DATA:
_ _ _ _ _
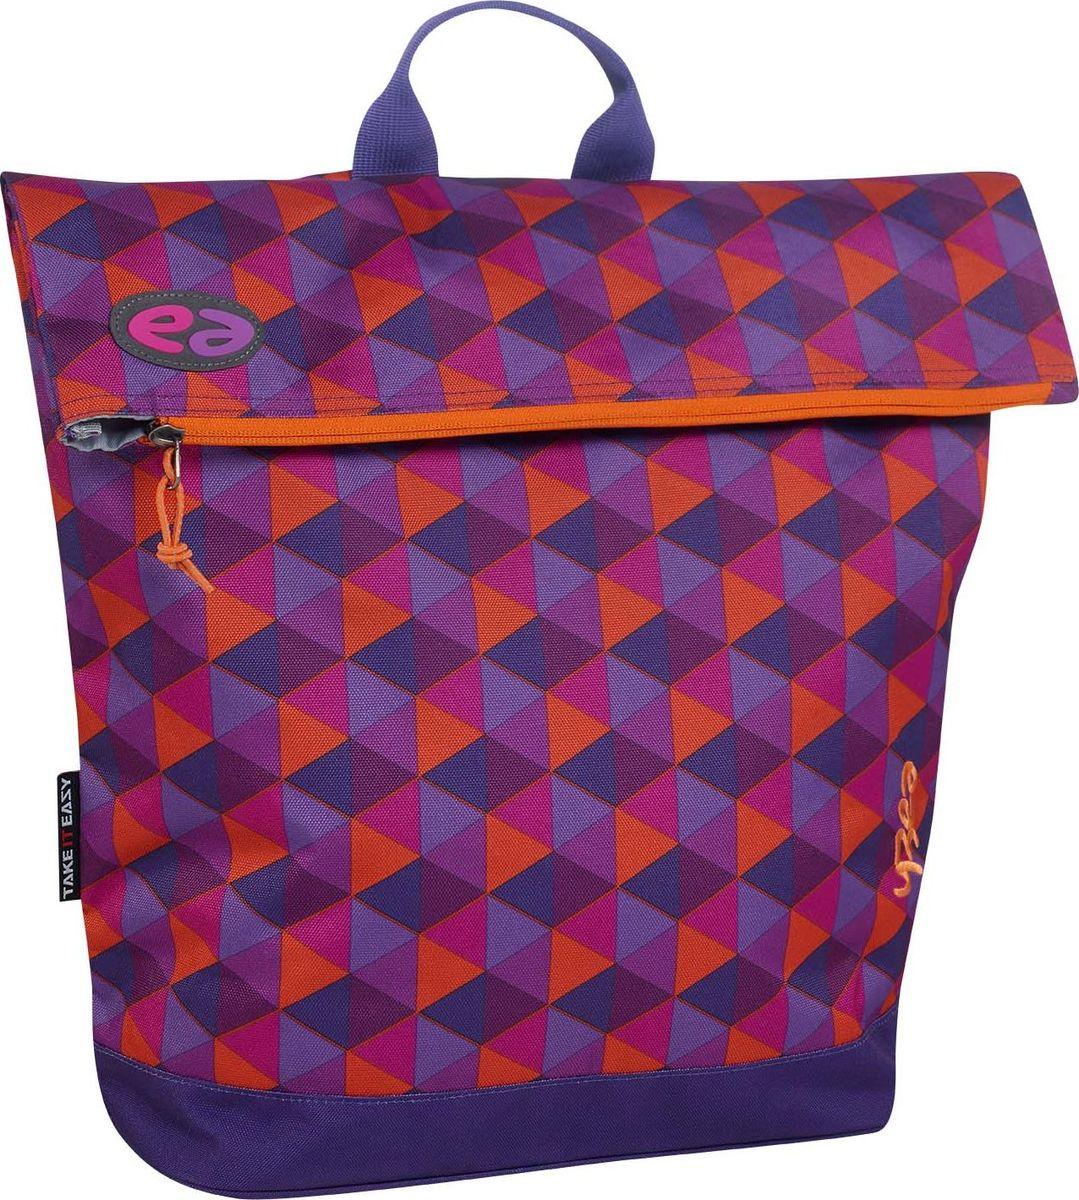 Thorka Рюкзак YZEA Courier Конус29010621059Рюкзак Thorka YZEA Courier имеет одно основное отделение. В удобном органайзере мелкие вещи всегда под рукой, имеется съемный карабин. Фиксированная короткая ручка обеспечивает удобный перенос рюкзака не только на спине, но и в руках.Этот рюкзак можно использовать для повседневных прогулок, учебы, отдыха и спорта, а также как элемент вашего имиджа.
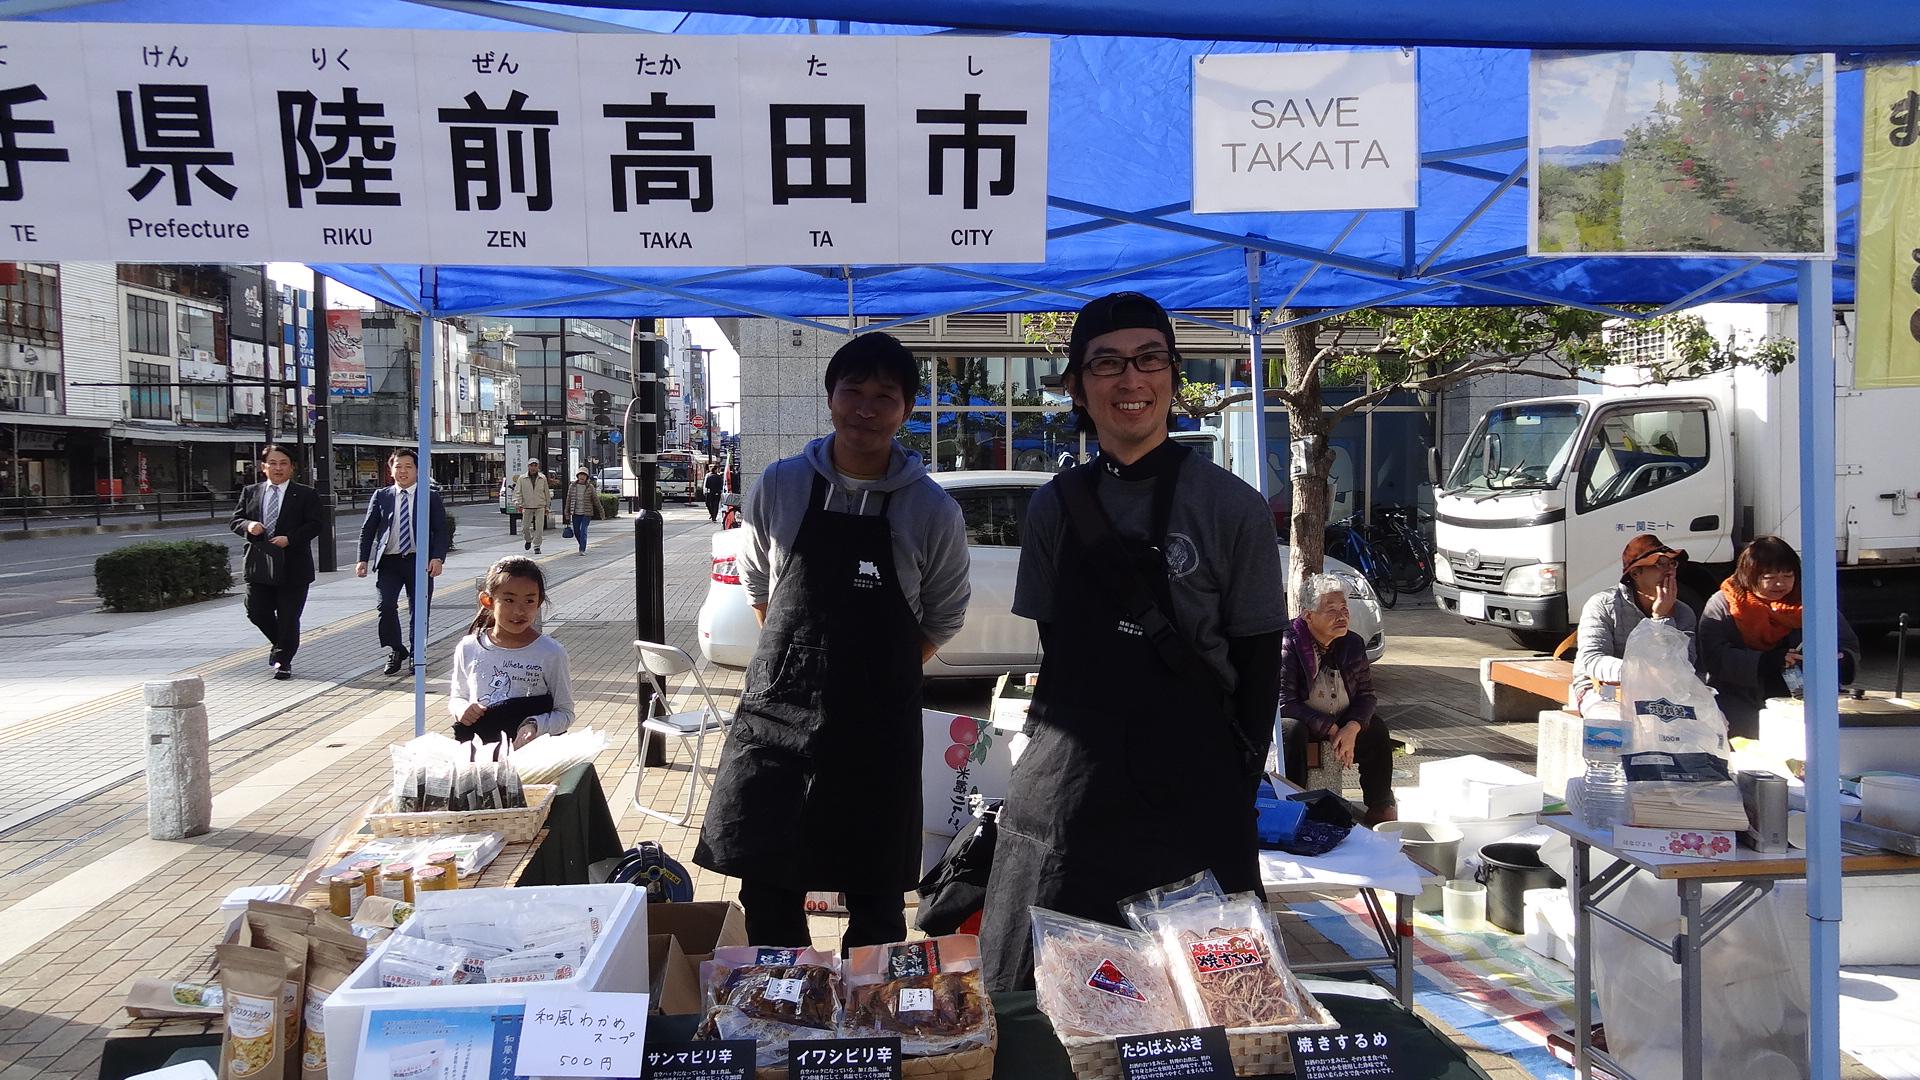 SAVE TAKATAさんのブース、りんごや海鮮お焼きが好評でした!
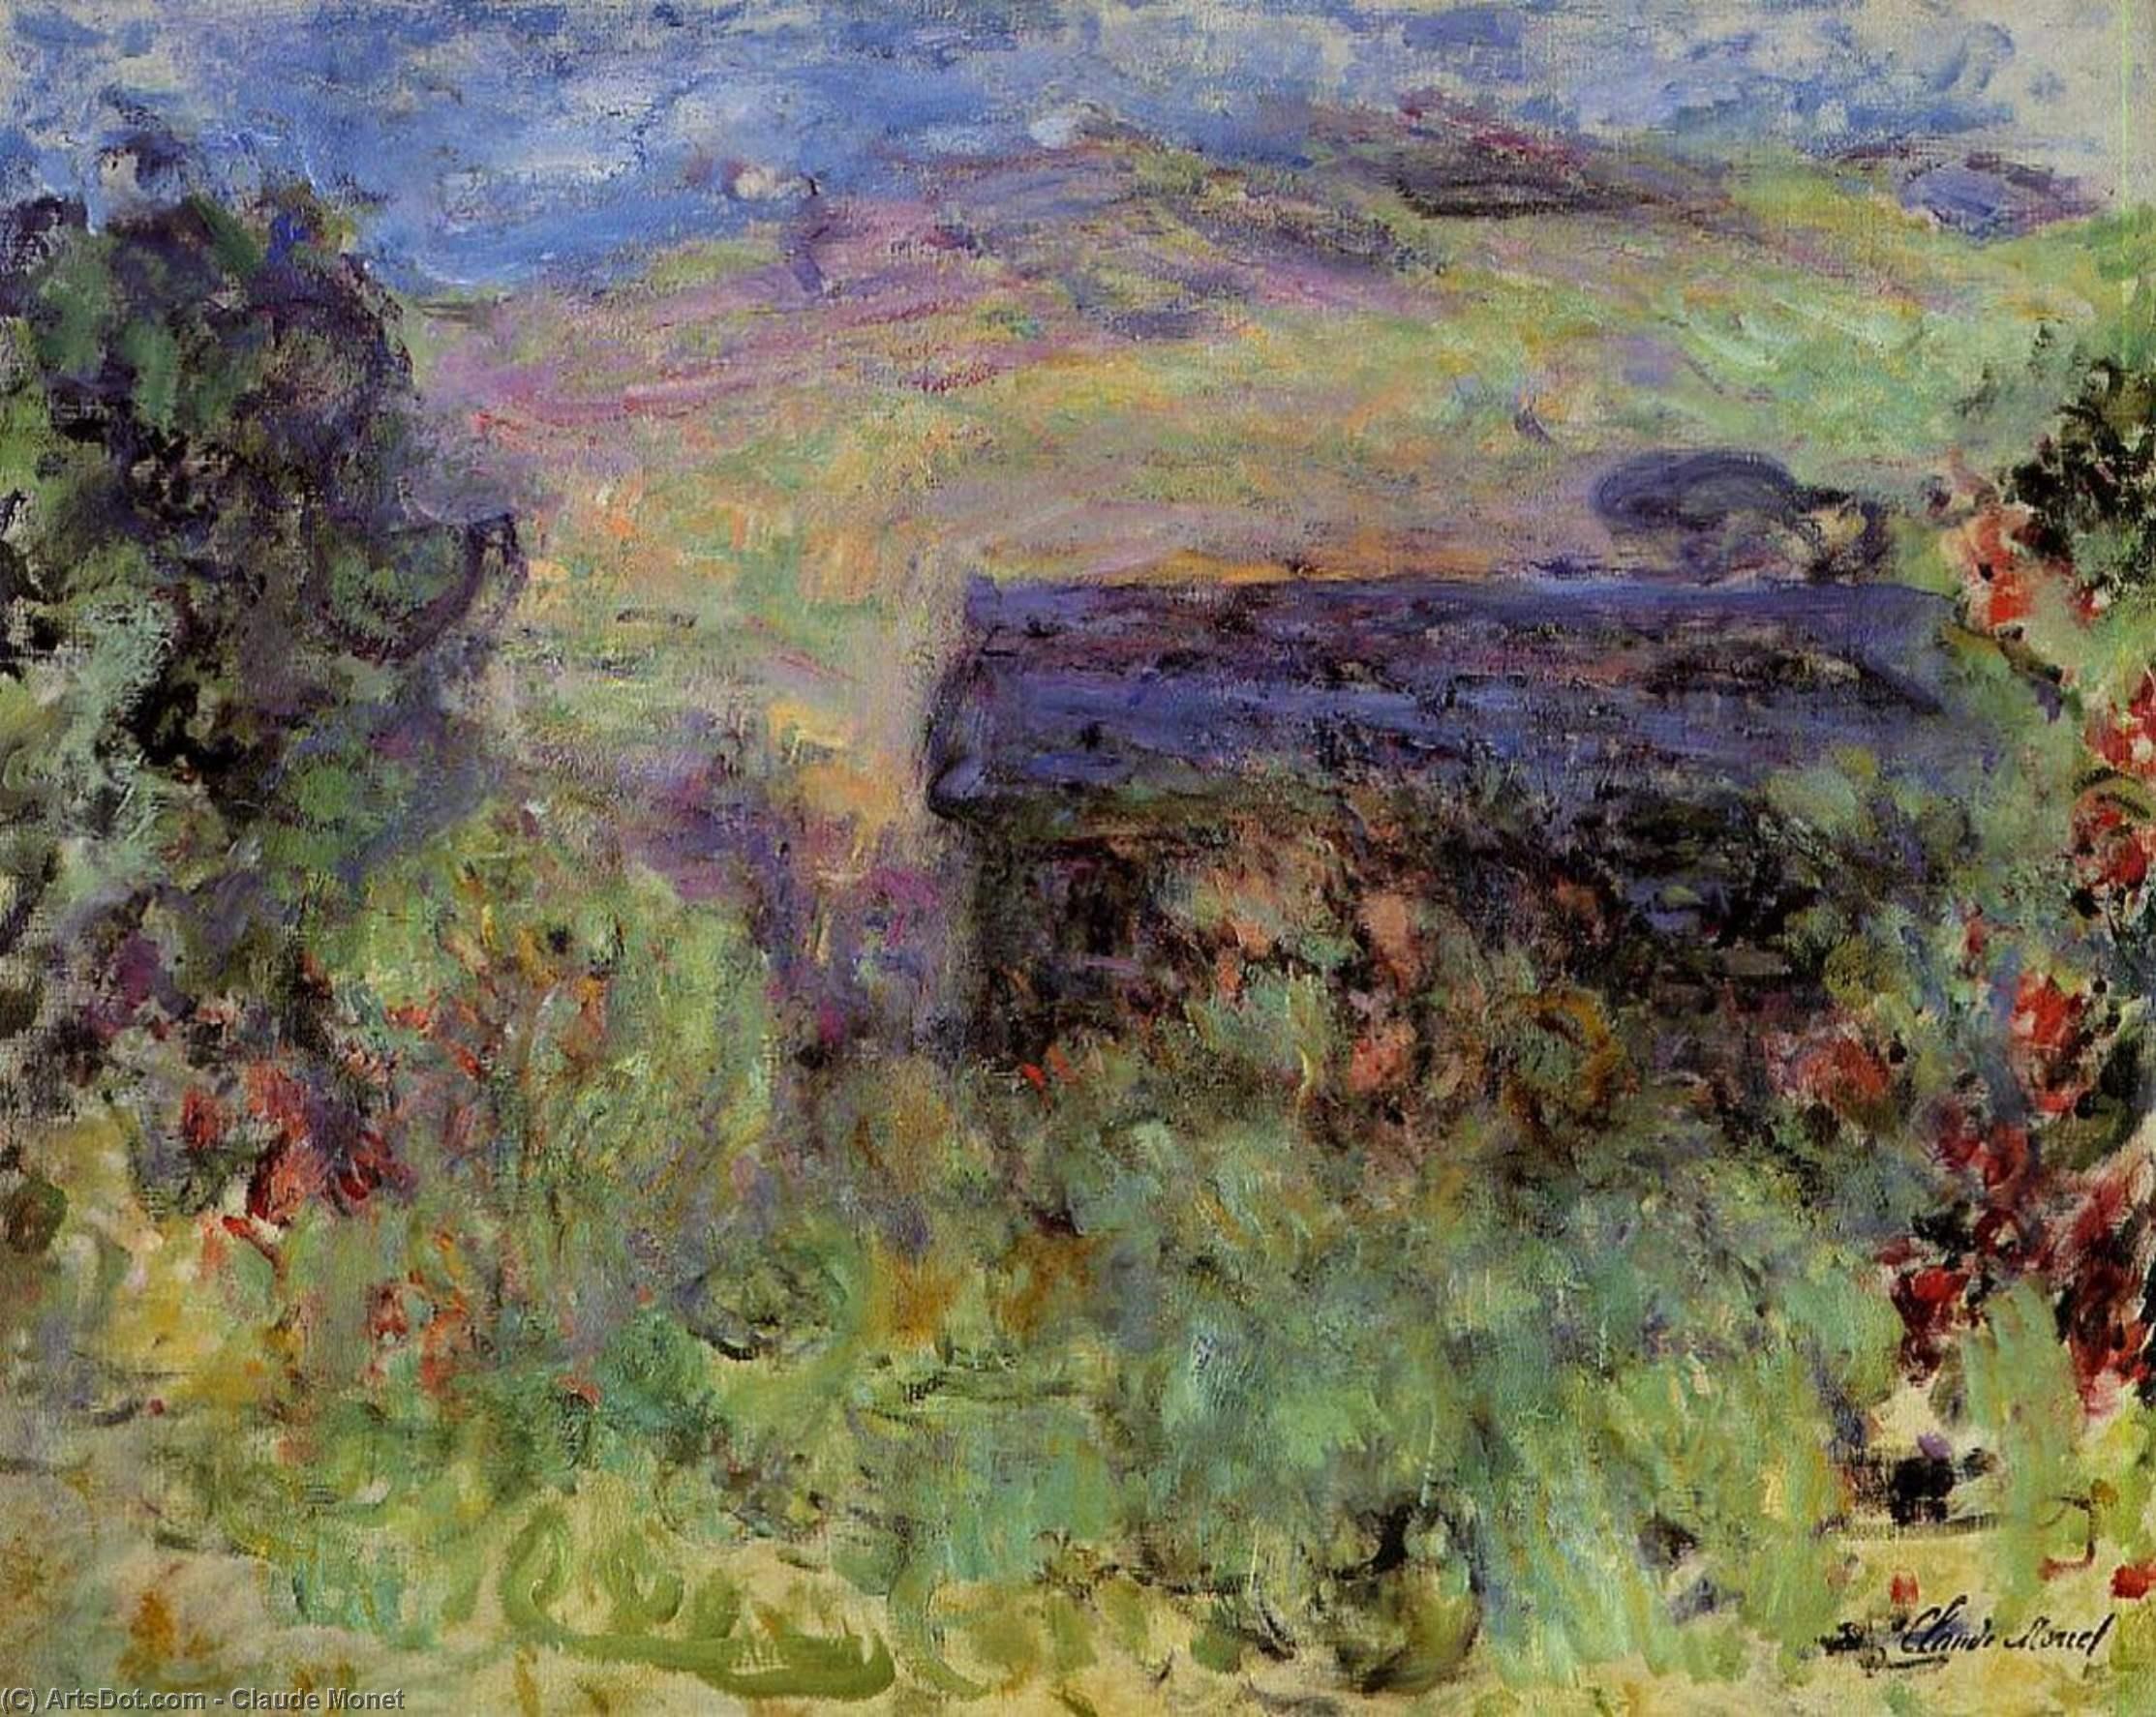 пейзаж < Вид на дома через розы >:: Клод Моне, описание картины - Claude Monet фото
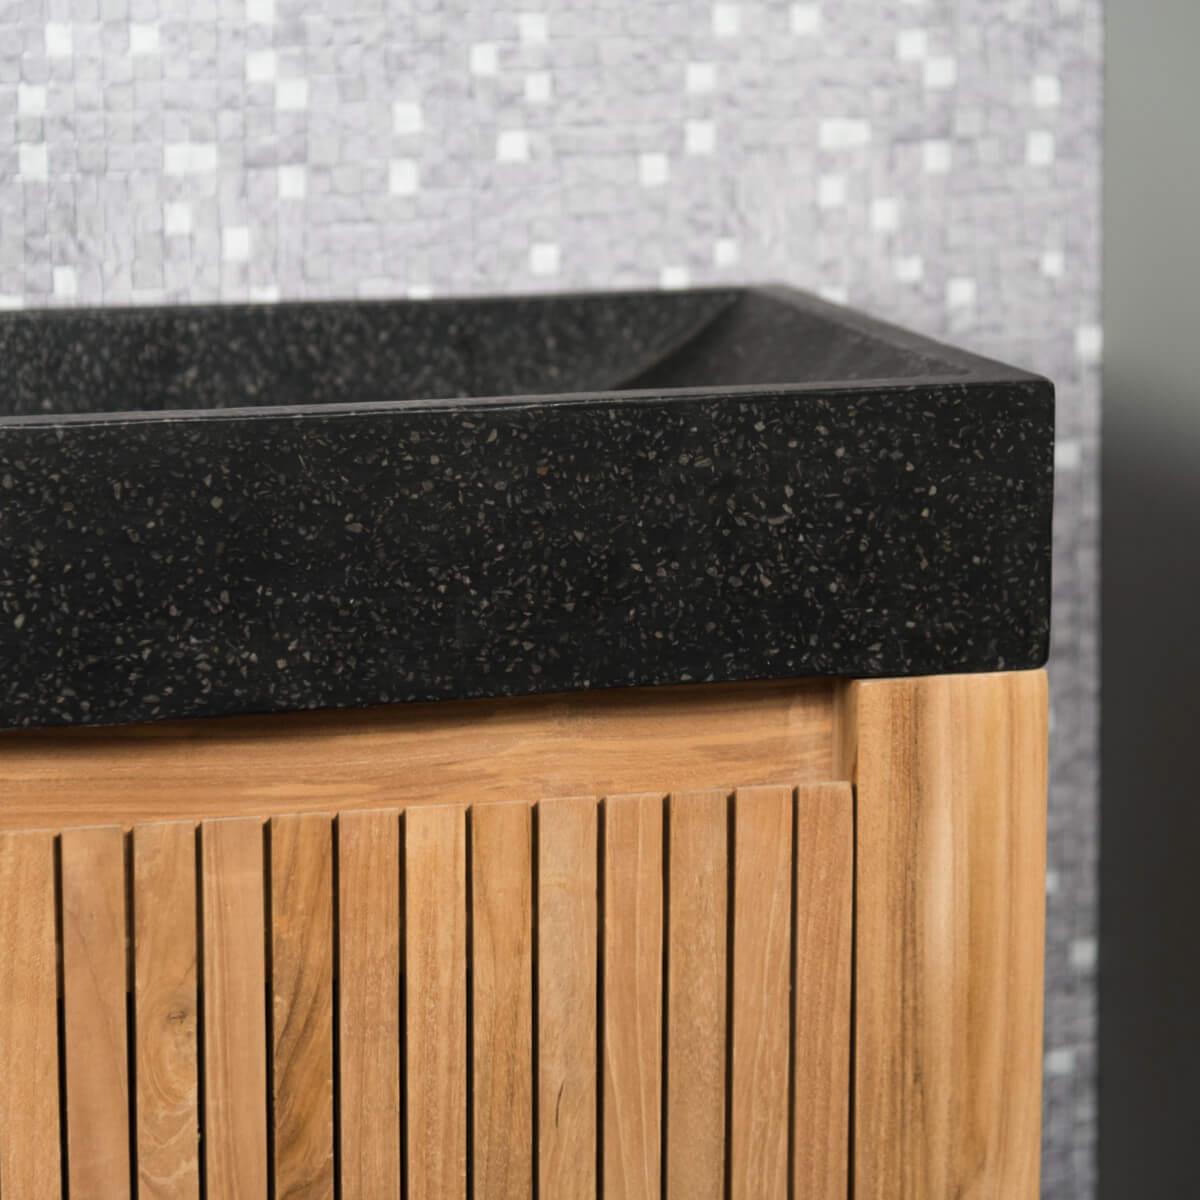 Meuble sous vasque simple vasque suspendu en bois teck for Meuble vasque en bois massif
_ _ _ _ _
WORK TO COMPLETE: Transcribe exactly, and without any pictures, each line from the one that holds "SAVE TAKATAさんのブース、りんごや海鮮お焼きが好評でした!" through the final line of the material above.

EXERCISE SOLUTION:
 SAVE TAKATAさんのブース、りんごや海鮮お焼きが好評でした!
 пейзаж < Вид на дома через розы >:: Клод Моне, описание картины - Claude Monet фото
 Meuble sous vasque simple vasque suspendu en bois teck for Meuble vasque en bois massif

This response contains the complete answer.